For me, I think the tears came mostly from how the Capote story evoked all those memories of my own early childhood with Lois and Hilda, who were my great-grandmother’s sisters. That world no longer exists. There is nothing left of it, except in my memory, and in the memories of Southern children who were fortunate enough to have had it.

By the way, do you remember the Fruitcake Lady from Jay Leno’s Tonight Show? She was a bossypants nonagenerian who had been Capote’s Aunt Tiny. She was awesome beyond awesome. Take a look at this clip of one of her “Ask The Fruitcake Lady” segments: (it’s NSFW):

[youtube https://www.youtube.com/watch?v=iB_gMQ8DBqA]

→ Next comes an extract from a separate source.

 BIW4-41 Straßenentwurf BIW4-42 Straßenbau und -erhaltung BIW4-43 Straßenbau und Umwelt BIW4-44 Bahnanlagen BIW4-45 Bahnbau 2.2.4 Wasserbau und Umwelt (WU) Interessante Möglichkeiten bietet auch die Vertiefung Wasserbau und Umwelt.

Bitter Southerner has a good remembrance of Aunt Tiny (Marie Rudisill), who was the kind of dame old-timey Southerners call “a pistol.” Anyway, please read “A Christmas Memory,” aloud, by the fire, to your kids. Lucas and Nora just came in from playing in the snow. They’re cold and wet, and warming up by the fire. There will be more stories today, but none can possibly be as good as the one we read last night. And that is a Christmas memory for our family.